Most upvoted comments

Hi @kashif @lvwerra @younesbelkada , sorry to ask again. Can you tell me if the DPO implementation will be further tested on encoder-decoder models like T5? I have tried to replace my model with a decoder-only, but an encoder-decoder like T5 would be ideal for the experiments I am doing.
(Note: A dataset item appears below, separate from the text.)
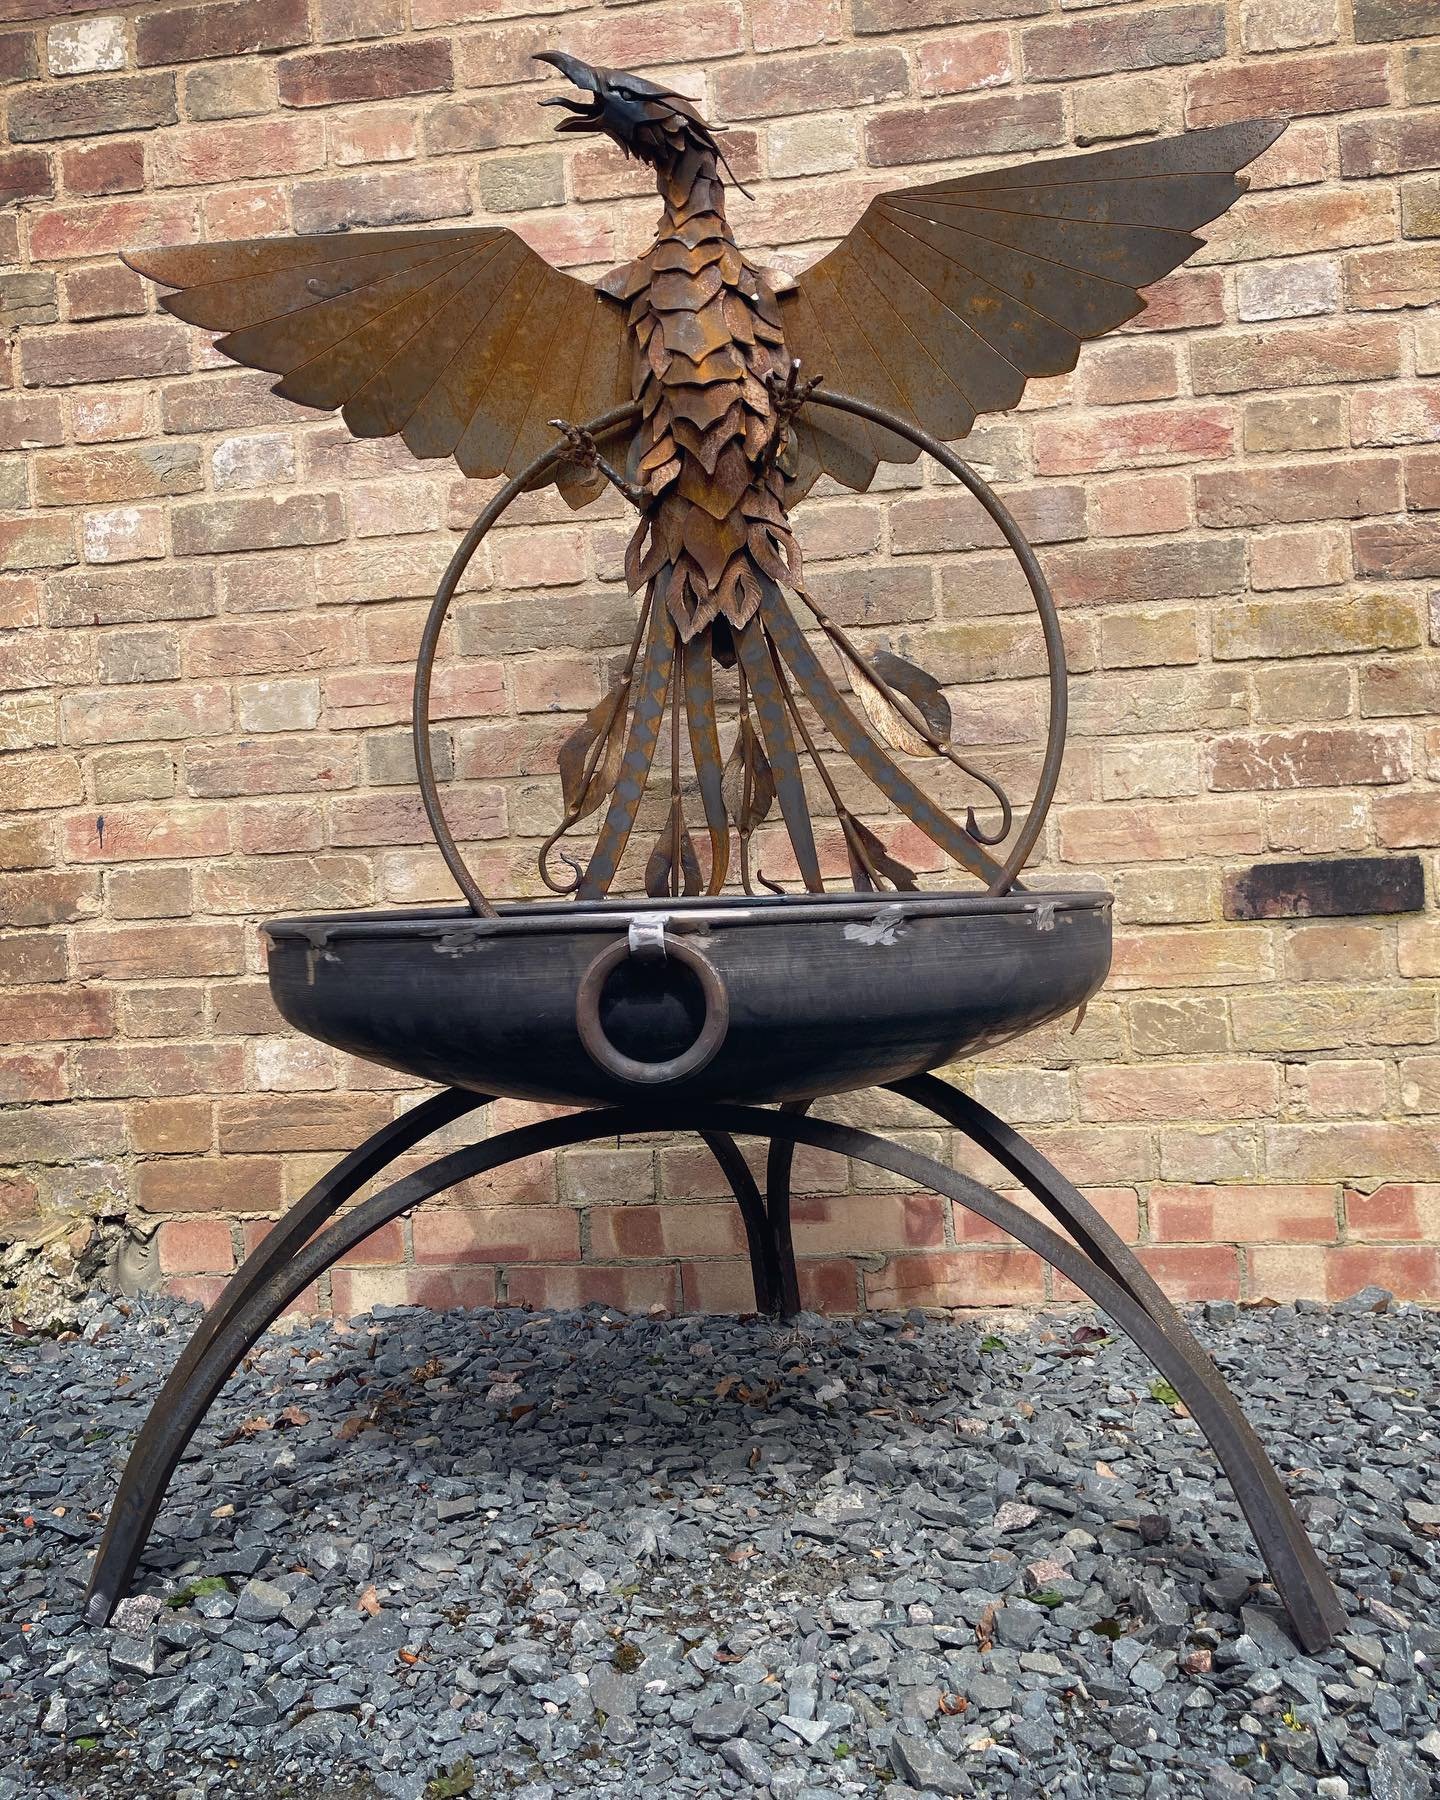 Phoenix firebowl ready for its patina! #firepit #sculpture #weldedsculpture #artwelding #blacksmith #blacksmithing #artistblacksmith #metalwork #gardensculpture #uksculpture #gardendesignsideas #gardendesign
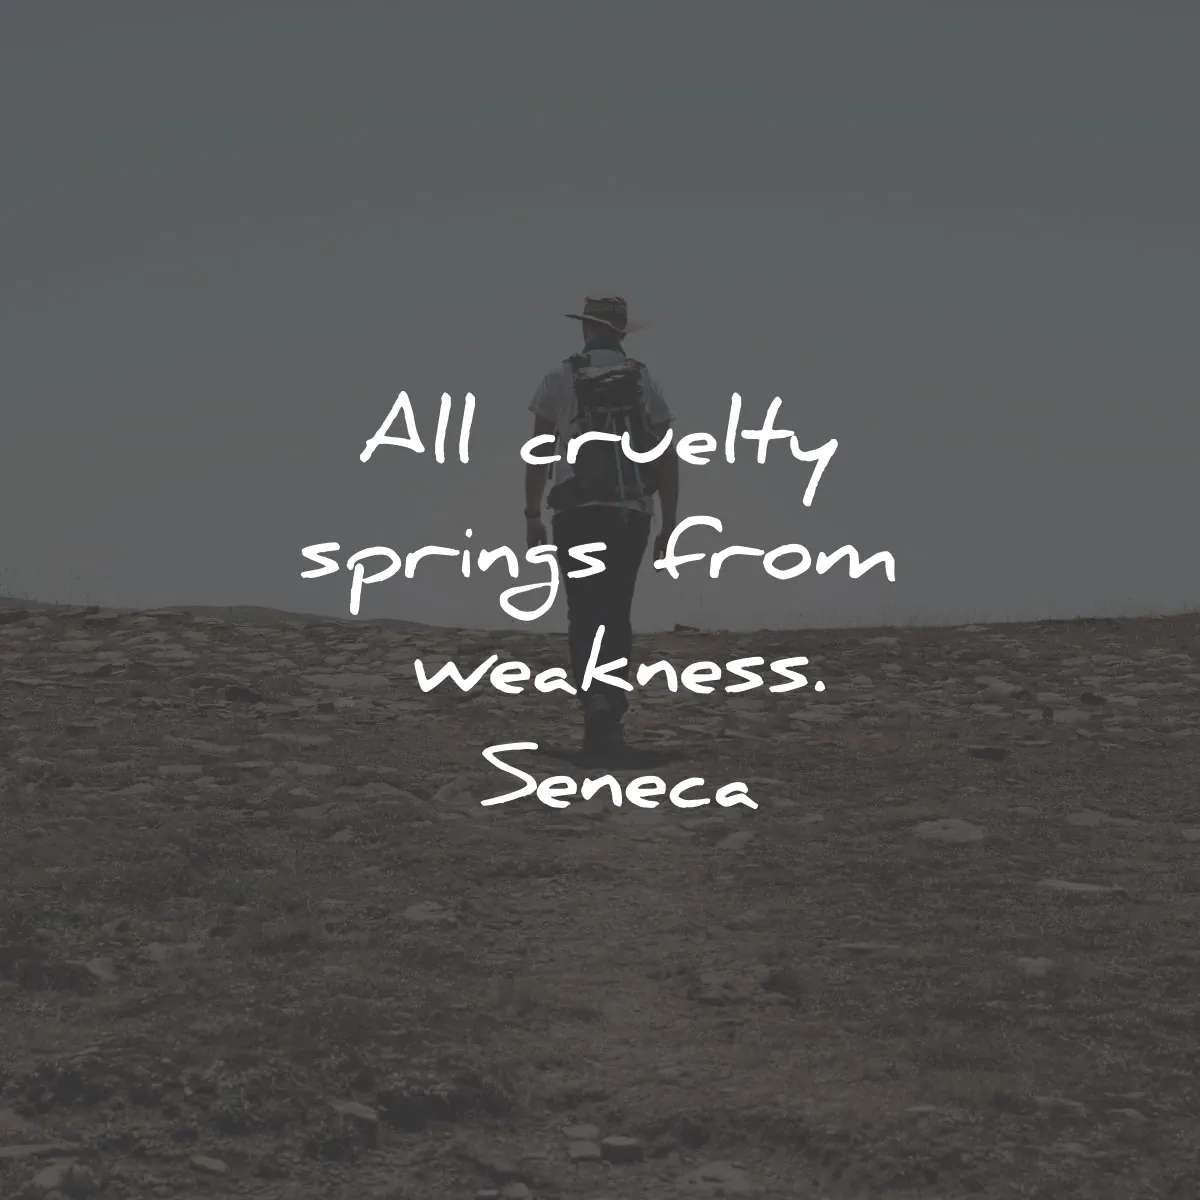 seneca quotes cruelty springs weakness wisdom

Can you tell me more about it?

Devy99 on Jan 10, 2024

Oh, i still have the problem, if i increase the Learning rate from 1e-6 to 2e-6 The repetition still occurs

Ricardokevins on Nov 25, 2023

In my setting (my recent research on Multilingual Reasoning by Preference Optimization), I use 1e-6 for DPO training on LlaMA2(7/13B)-based LLM. And it works well on these Decoder-Only LLM. If 1e-6 not working, you can lower it to 2e-7.

Meanwhile, you can put those bad sampling output with repetition to “Reject” to penalize this behavior

from collections import Counter
def check_repeated_sentences(paragraph):
    paragraph = paragraph.replace('\n\n','\n')
    sentences = paragraph.split('\n')
    sentence_counts = Counter(sentences)
    
    for sentence, count in sentence_counts.items():
        if count >= 2:
            return True
    return False

Ricardokevins on Mar 6, 2024

@Devy99 i think with the refactorings that happened the enc-dec setup needs a closer look, I will take a look with a tiny T5 style model and report back

kashif on Mar 6, 2024

unluckly

unluckly， when i explore more basemodel for DPO, i encounter the problem again…

I still think there might be some bugs in the code or the algorithm itself. Lower Learning rate might just slow the deteriorates, and the problem might still exsit.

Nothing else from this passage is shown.